Items from a data source

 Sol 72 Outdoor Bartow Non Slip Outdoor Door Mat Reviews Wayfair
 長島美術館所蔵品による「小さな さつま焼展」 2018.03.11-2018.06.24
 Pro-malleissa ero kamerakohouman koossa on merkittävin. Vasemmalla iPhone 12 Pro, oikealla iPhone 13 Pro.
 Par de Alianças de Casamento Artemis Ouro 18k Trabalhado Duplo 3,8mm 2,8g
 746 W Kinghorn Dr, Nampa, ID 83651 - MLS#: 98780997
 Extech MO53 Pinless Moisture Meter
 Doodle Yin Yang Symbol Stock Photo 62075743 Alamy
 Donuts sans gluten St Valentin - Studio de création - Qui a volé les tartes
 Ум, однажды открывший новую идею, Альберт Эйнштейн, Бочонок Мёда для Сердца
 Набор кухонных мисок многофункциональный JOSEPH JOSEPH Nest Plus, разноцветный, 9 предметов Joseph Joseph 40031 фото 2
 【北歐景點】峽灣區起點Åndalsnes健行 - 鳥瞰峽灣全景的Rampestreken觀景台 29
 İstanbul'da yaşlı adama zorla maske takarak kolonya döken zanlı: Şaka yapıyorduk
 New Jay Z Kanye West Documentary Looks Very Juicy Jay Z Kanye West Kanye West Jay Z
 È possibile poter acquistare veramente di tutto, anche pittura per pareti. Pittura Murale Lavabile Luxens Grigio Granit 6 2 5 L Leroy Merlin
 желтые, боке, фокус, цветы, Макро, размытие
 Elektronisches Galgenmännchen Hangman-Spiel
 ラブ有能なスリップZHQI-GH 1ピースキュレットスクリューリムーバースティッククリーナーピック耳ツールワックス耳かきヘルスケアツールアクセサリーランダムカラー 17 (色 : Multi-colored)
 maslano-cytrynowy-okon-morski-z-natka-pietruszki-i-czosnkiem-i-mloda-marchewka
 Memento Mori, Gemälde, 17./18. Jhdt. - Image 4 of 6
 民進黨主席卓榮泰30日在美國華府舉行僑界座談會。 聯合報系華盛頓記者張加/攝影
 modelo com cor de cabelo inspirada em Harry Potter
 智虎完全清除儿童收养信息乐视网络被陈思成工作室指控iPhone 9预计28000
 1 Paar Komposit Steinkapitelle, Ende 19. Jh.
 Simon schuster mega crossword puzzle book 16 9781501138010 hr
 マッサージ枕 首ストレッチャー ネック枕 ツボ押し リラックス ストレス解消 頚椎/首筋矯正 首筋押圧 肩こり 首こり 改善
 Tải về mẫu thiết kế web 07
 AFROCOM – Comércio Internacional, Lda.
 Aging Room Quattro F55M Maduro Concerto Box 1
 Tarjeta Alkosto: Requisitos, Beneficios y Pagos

## [Exercise instructions]
Go through the data and return every record exactly.

## [Problem solution]
 Sol 72 Outdoor Bartow Non Slip Outdoor Door Mat Reviews Wayfair
 長島美術館所蔵品による「小さな さつま焼展」 2018.03.11-2018.06.24
 Pro-malleissa ero kamerakohouman koossa on merkittävin. Vasemmalla iPhone 12 Pro, oikealla iPhone 13 Pro.
 Par de Alianças de Casamento Artemis Ouro 18k Trabalhado Duplo 3,8mm 2,8g
 746 W Kinghorn Dr, Nampa, ID 83651 - MLS#: 98780997
 Extech MO53 Pinless Moisture Meter
 Doodle Yin Yang Symbol Stock Photo 62075743 Alamy
 Donuts sans gluten St Valentin - Studio de création - Qui a volé les tartes
 Ум, однажды открывший новую идею, Альберт Эйнштейн, Бочонок Мёда для Сердца
 Набор кухонных мисок многофункциональный JOSEPH JOSEPH Nest Plus, разноцветный, 9 предметов Joseph Joseph 40031 фото 2
 【北歐景點】峽灣區起點Åndalsnes健行 - 鳥瞰峽灣全景的Rampestreken觀景台 29
 İstanbul'da yaşlı adama zorla maske takarak kolonya döken zanlı: Şaka yapıyorduk
 New Jay Z Kanye West Documentary Looks Very Juicy Jay Z Kanye West Kanye West Jay Z
 È possibile poter acquistare veramente di tutto, anche pittura per pareti. Pittura Murale Lavabile Luxens Grigio Granit 6 2 5 L Leroy Merlin
 желтые, боке, фокус, цветы, Макро, размытие
 Elektronisches Galgenmännchen Hangman-Spiel
 ラブ有能なスリップZHQI-GH 1ピースキュレットスクリューリムーバースティッククリーナーピック耳ツールワックス耳かきヘルスケアツールアクセサリーランダムカラー 17 (色 : Multi-colored)
 maslano-cytrynowy-okon-morski-z-natka-pietruszki-i-czosnkiem-i-mloda-marchewka
 Memento Mori, Gemälde, 17./18. Jhdt. - Image 4 of 6
 民進黨主席卓榮泰30日在美國華府舉行僑界座談會。 聯合報系華盛頓記者張加/攝影
 modelo com cor de cabelo inspirada em Harry Potter
 智虎完全清除儿童收养信息乐视网络被陈思成工作室指控iPhone 9预计28000
 1 Paar Komposit Steinkapitelle, Ende 19. Jh.
 Simon schuster mega crossword puzzle book 16 9781501138010 hr
 マッサージ枕 首ストレッチャー ネック枕 ツボ押し リラックス ストレス解消 頚椎/首筋矯正 首筋押圧 肩こり 首こり 改善
 Tải về mẫu thiết kế web 07
 AFROCOM – Comércio Internacional, Lda.
 Aging Room Quattro F55M Maduro Concerto Box 1
 Tarjeta Alkosto: Requisitos, Beneficios y Pagos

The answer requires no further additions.